Deux précurseurs : Charles Booth et Georg Simmel

Deux approches de la ville demeurent dans les textes de l’école de Chicago écrits entre 1914 et 1939. Une première conception renvoie aux techniques de l’enquête sociale en milieu urbain, pratiquée par Charles Booth à la fin du XIXème siècle en Angleterre. Il pense que l’environnement urbain est responsable des maux sociaux. Cette première approche « étudie la ville comme une configuration spatiale en mutation, révélatrice des rapports entre les groupes sociaux.
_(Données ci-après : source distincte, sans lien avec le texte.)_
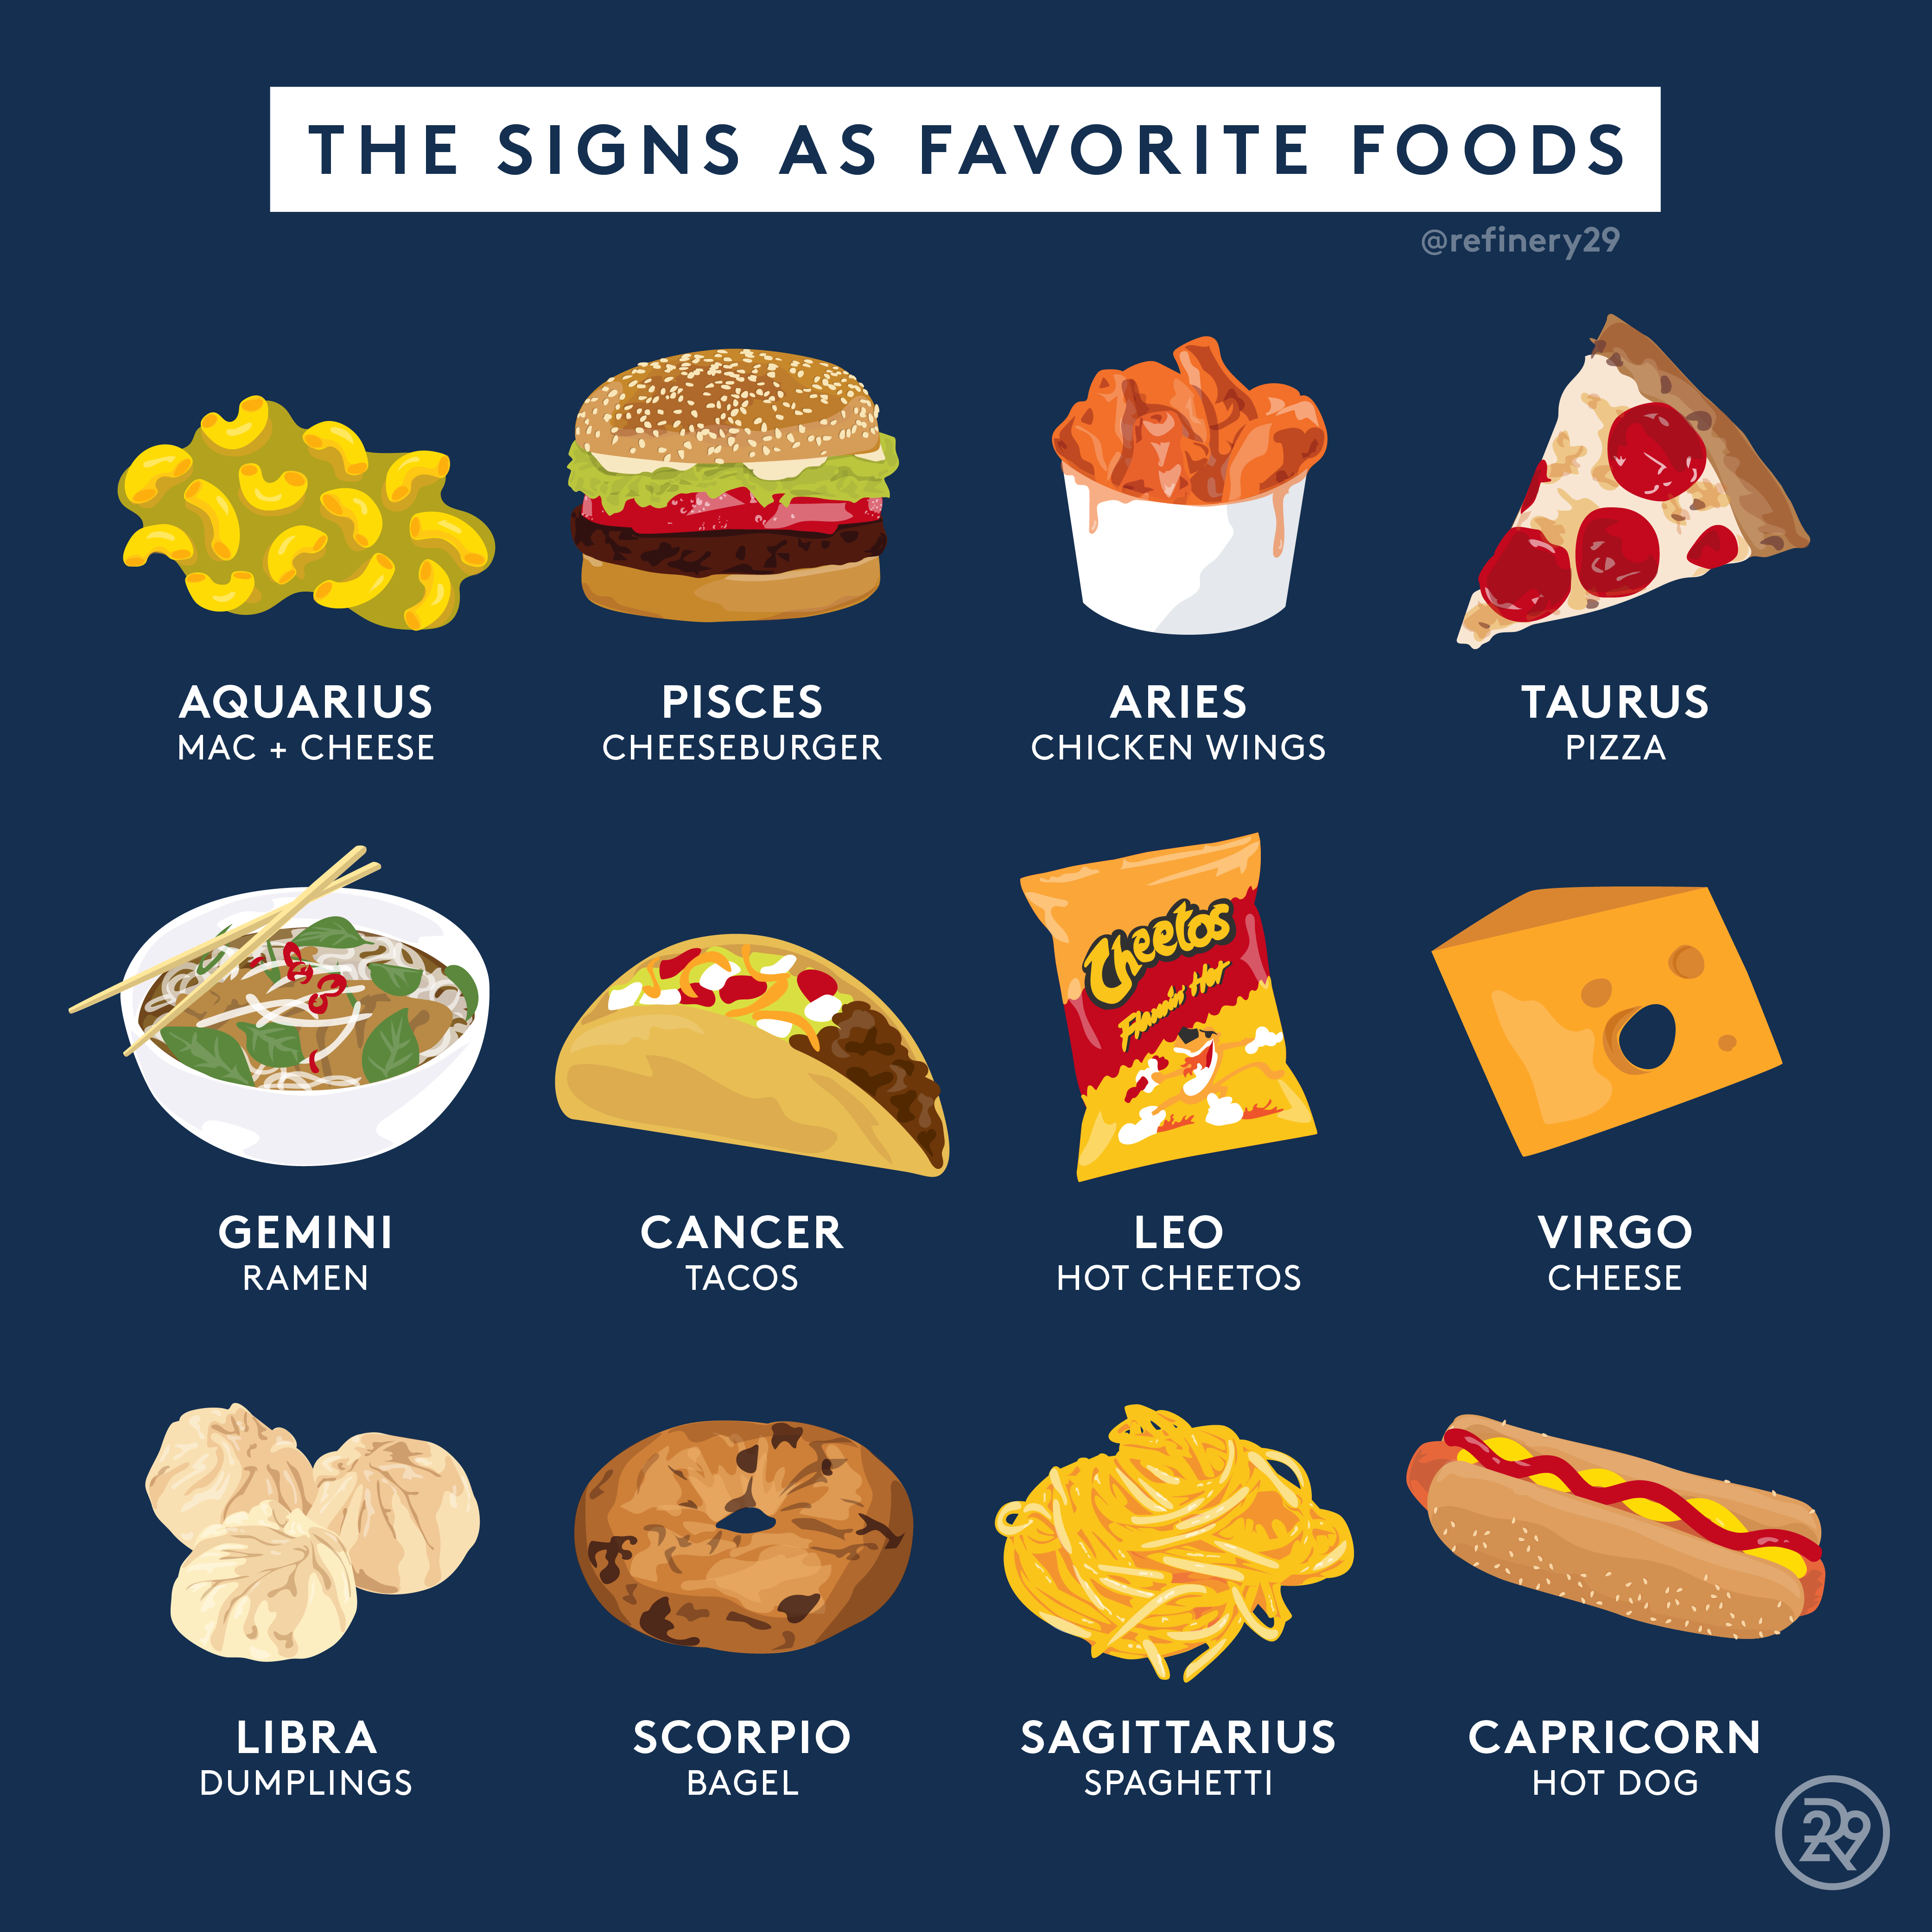 Hrana po zodiaku: kako jesti Devico

L’autre approche, développée vers 1900 par le sociologue allemand Georg Simmel, envisage la ville comme la condition du citadin, impliquant une mobilisation de ses attitudes. ».48 I.6. L’approche écologique : L’impact de la densité sur les comportements antisociaux

Le mot « écologie » vient du grec oïkos, il désigne la science qui étudie des milieux où vivent les hommes ainsi que les rapports de ces êtres avec le milieu. C’est un modèle d’analyse et d’intervention qui s’intéresse à l’interaction entre l’individu et son environnement social immédiat et élargi. Aussi, l’approche écologique se fonde sur une conception globale de l'habitat considéré comme un organisme vivant situé dans son environnement et réagissant avec lui.
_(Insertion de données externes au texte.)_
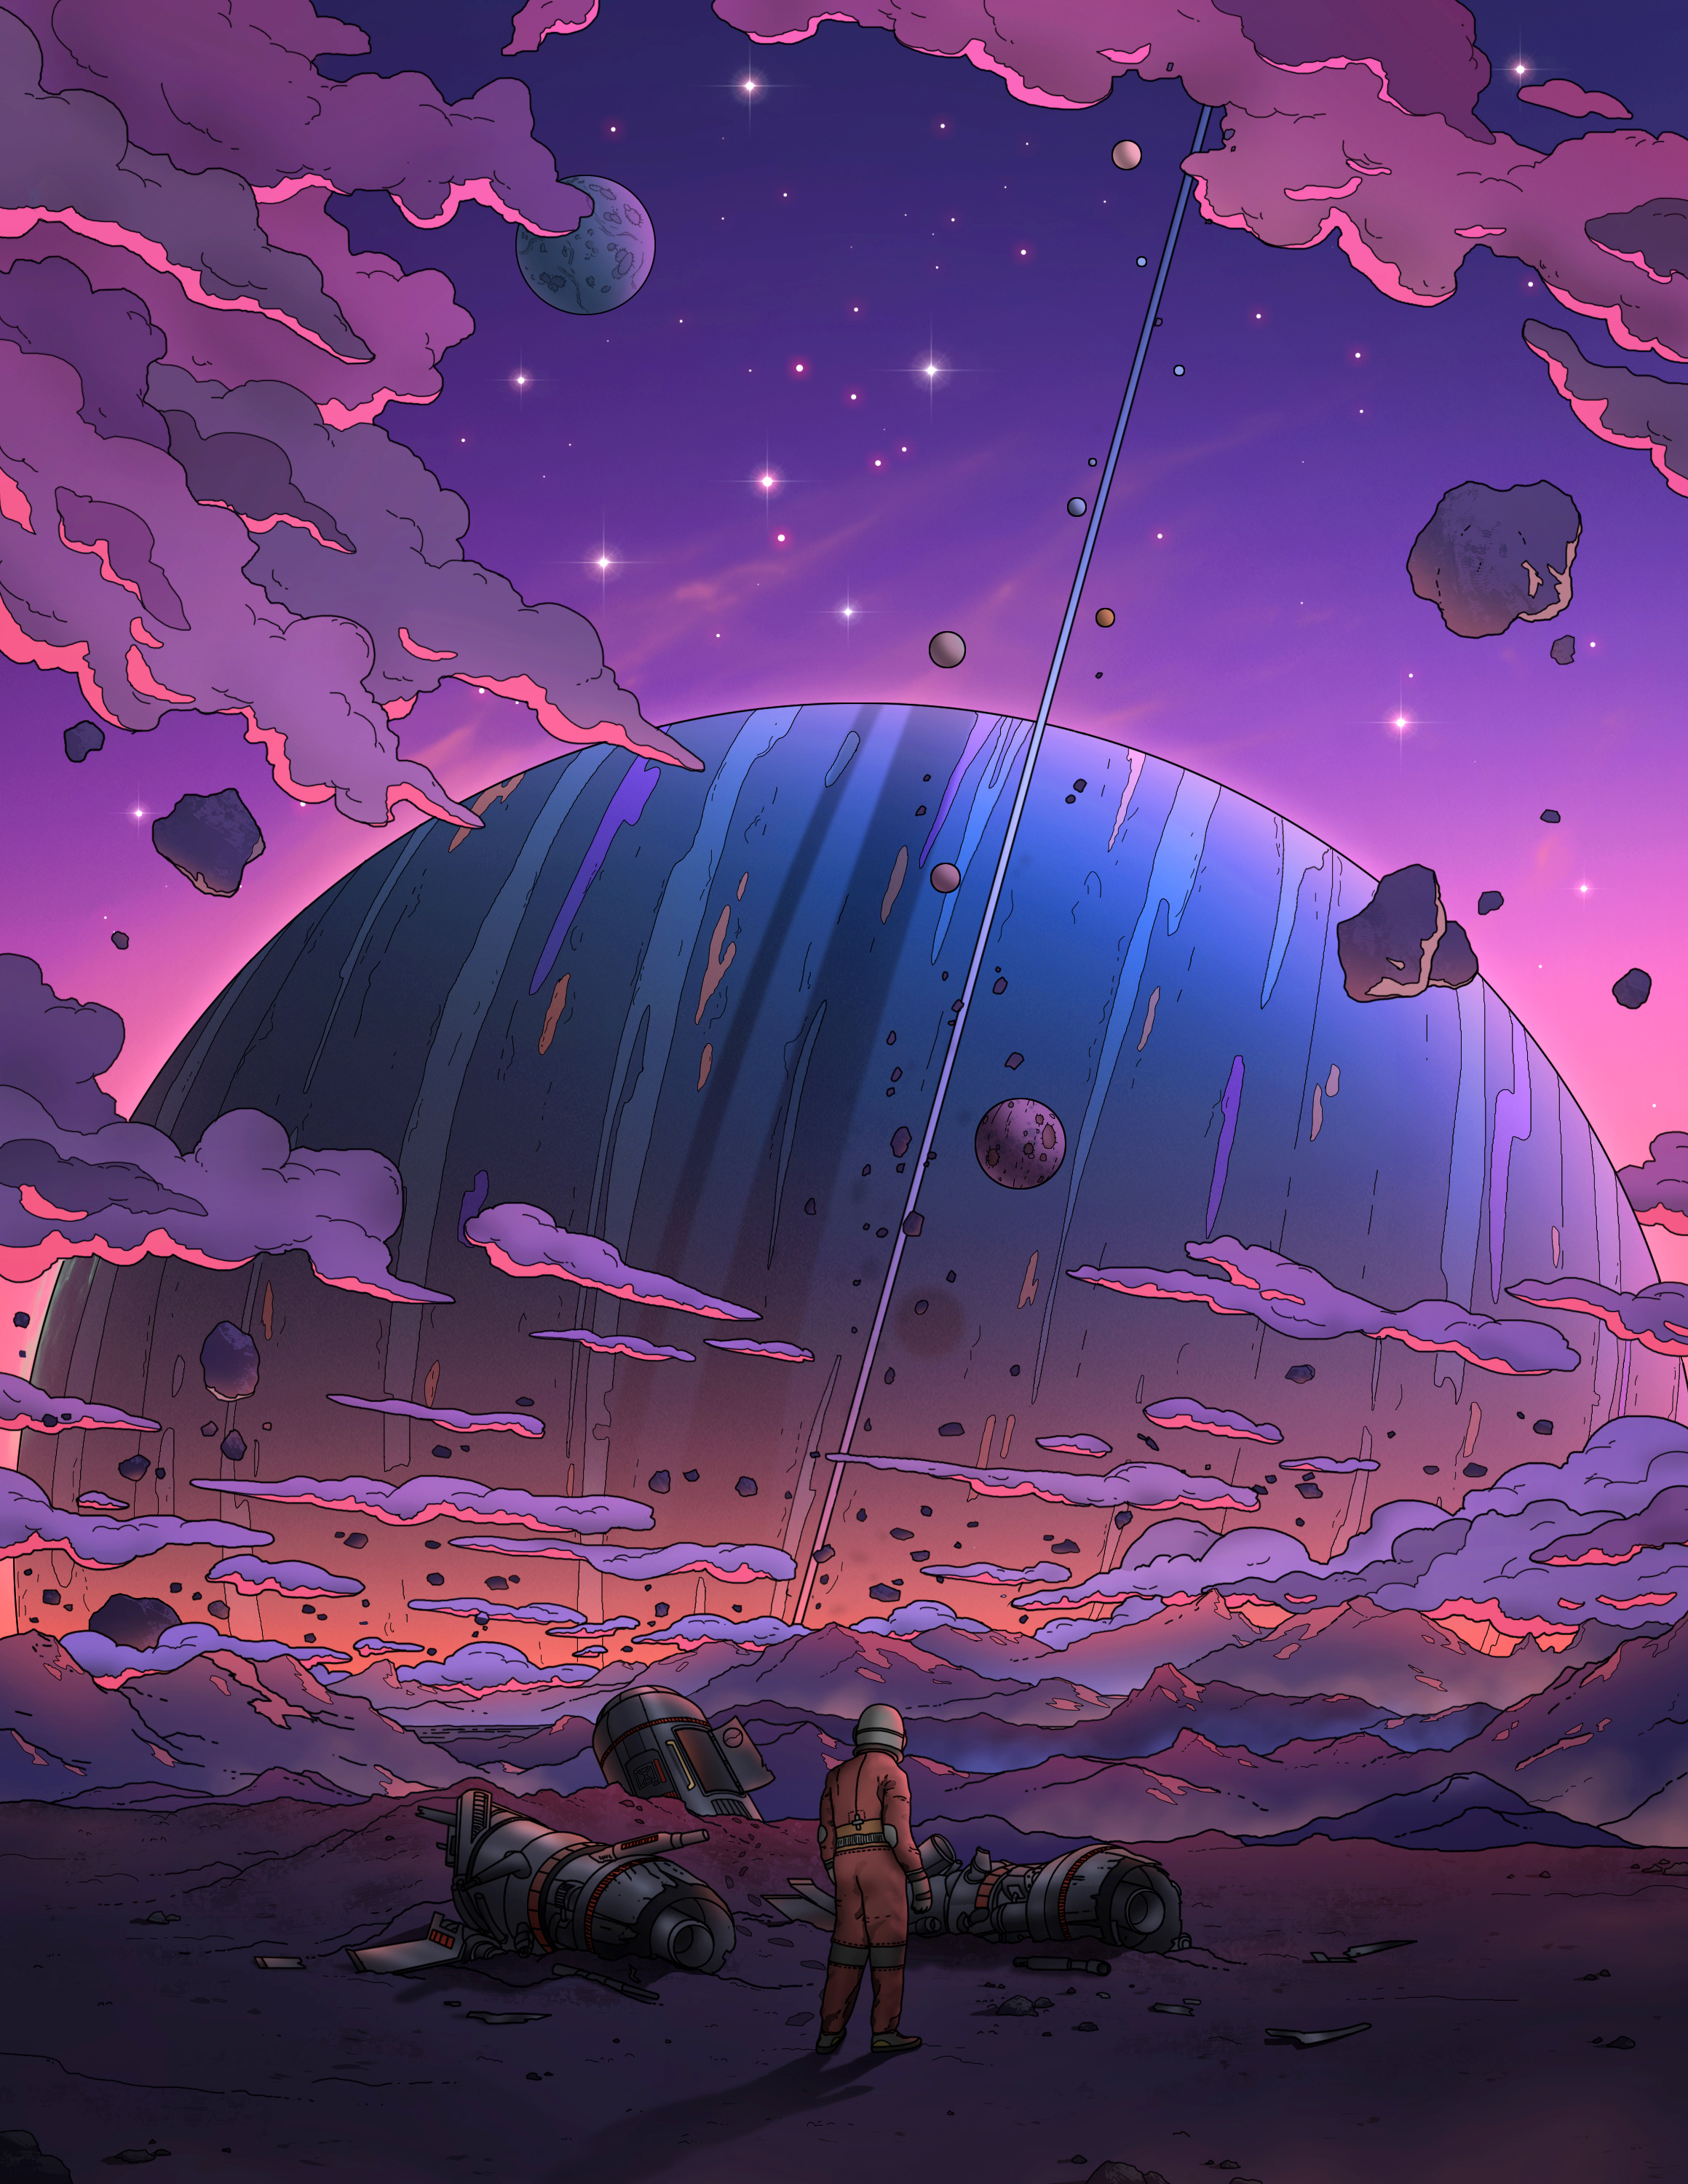 Christian Demczuk Artwork Digital Art Illustration Clouds Stars Planet Saturn Mountains Astronaut Ab 2319x3000

L’écologie urbaine inventée par l’Ecole de Chicago en sociologie a construit une conception de la ville comme habitat de groupes sociaux, différenciés par leur niveau économique, leurs compositions familiales, leurs origines ethniques, leurs logements et leur voisinage, en étudiant comment ils se redistribuent dans l’espace de la ville. C’est à Roderick Mc Kenzie que l’on doit « l’approche écologique ». Les écologistes ont été les premiers à montrer l’association entre les comportements asociaux et les mauvaises qualités d’habitabilité et spécialement la densité de population au niveau des quartiers.

47 GRAFMEYER J. : « L’Ecole de Chicago naissance de l’écologie urbaine », Op. Cit. p. 123.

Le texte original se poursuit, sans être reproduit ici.